[[ DATA SEGMENT, beginning ]]

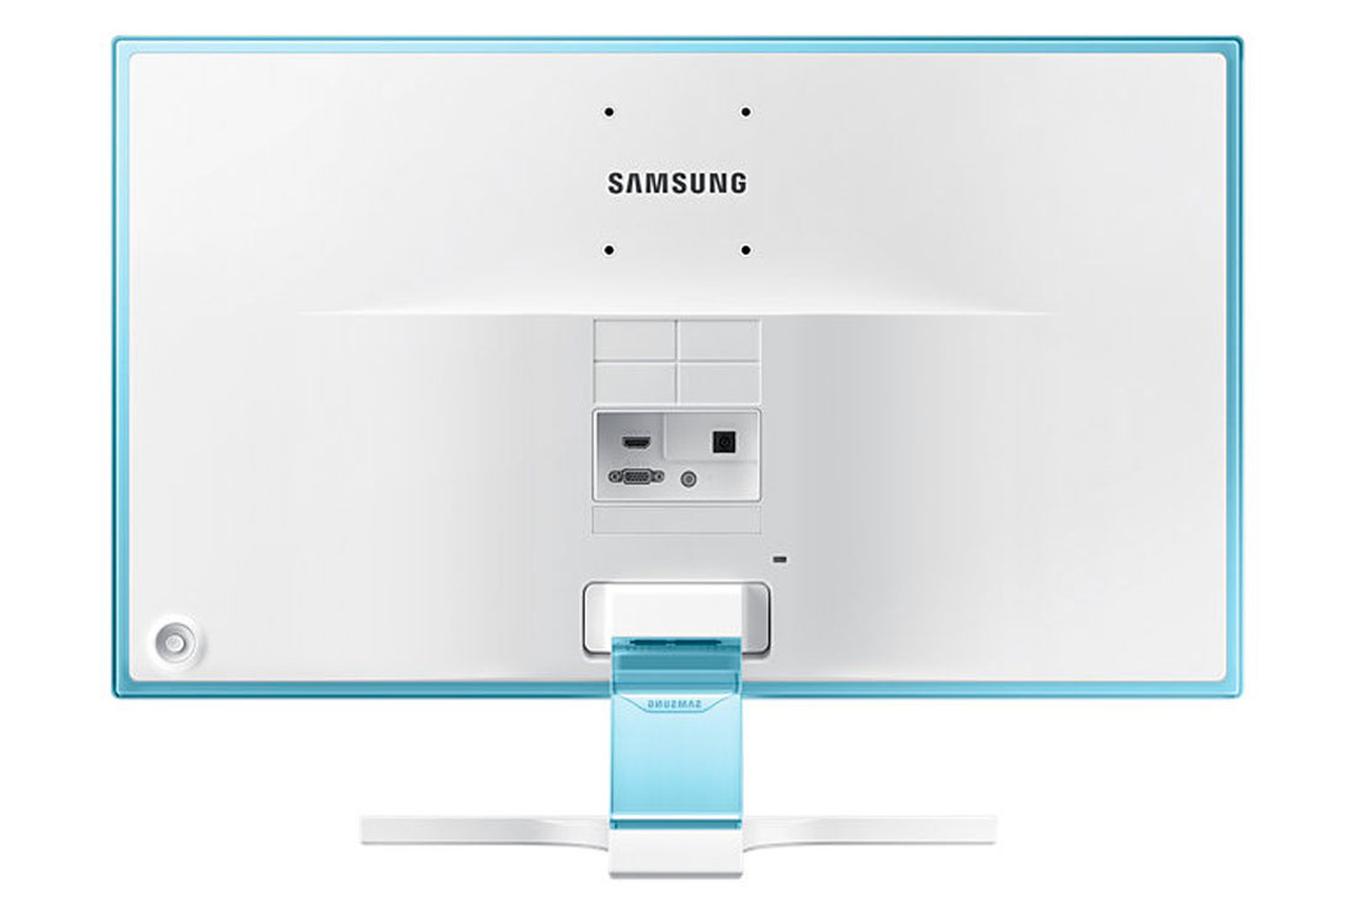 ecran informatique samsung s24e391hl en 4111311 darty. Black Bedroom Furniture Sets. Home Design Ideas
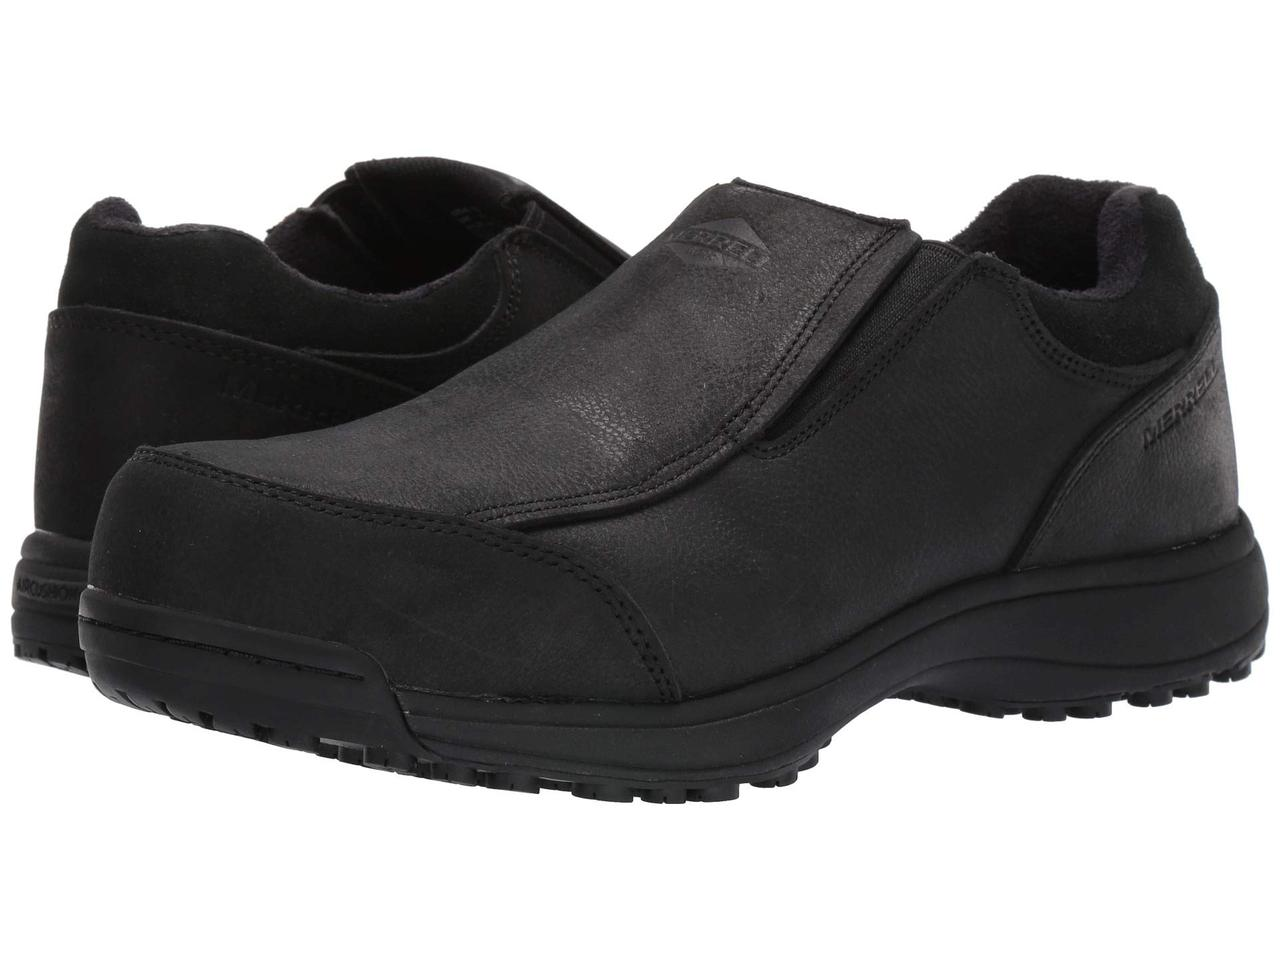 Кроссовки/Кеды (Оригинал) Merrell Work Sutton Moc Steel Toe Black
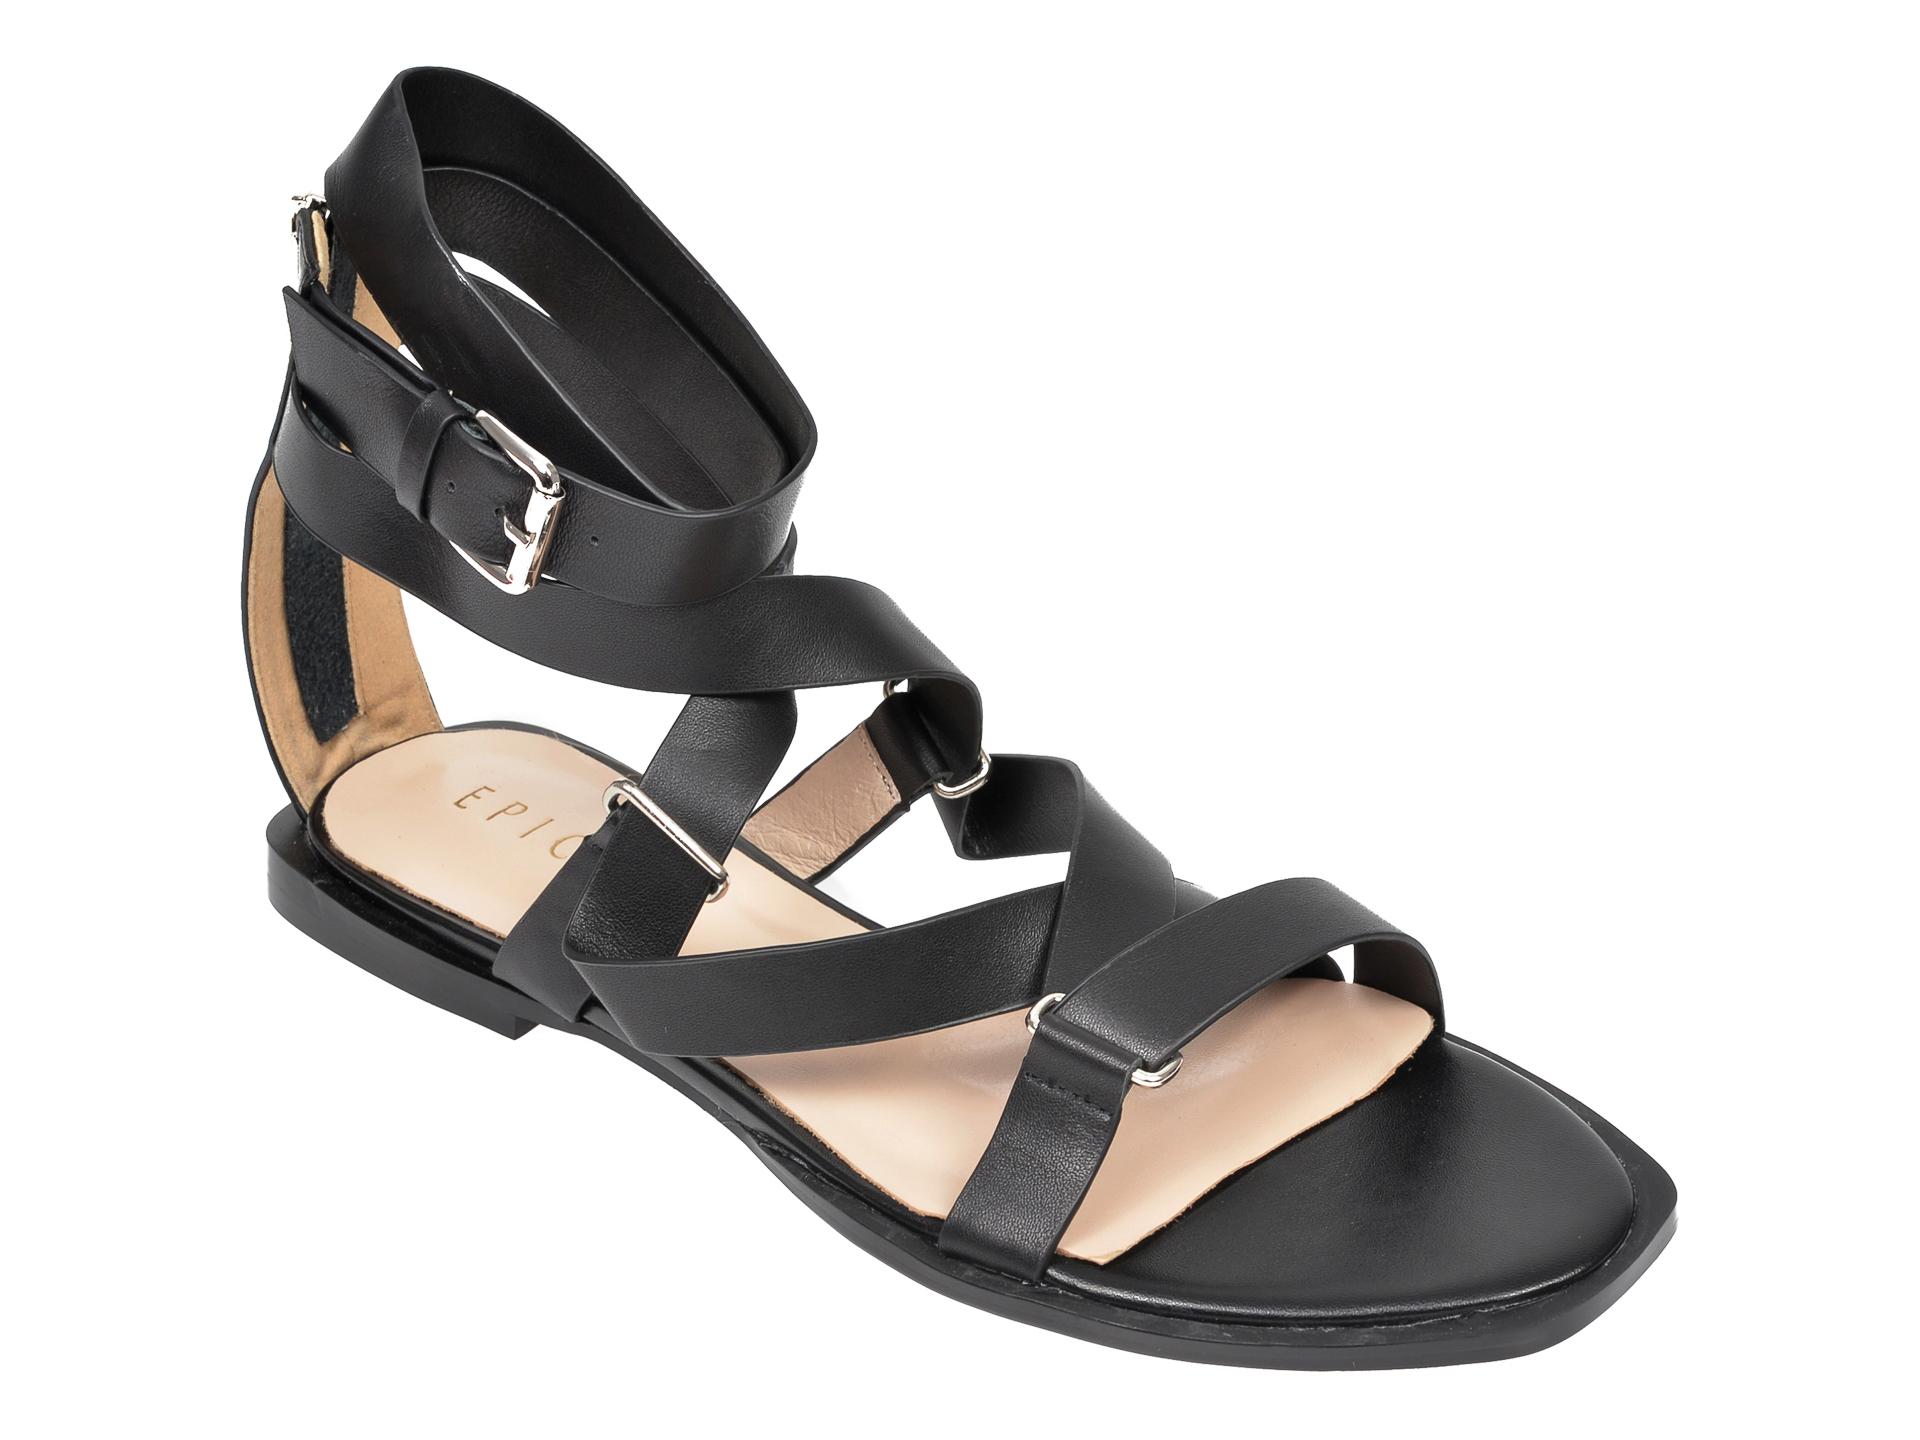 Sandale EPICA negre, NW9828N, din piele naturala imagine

[[ DATA SEGMENT, end ]]

WHAT IS REQUIRED: All of the data gets printed again exactly; the pictures do not.

ANSWER SECTION:
 ecran informatique samsung s24e391hl en 4111311 darty. Black Bedroom Furniture Sets. Home Design Ideas
 Кроссовки/Кеды (Оригинал) Merrell Work Sutton Moc Steel Toe Black
 Sandale EPICA negre, NW9828N, din piele naturala imagine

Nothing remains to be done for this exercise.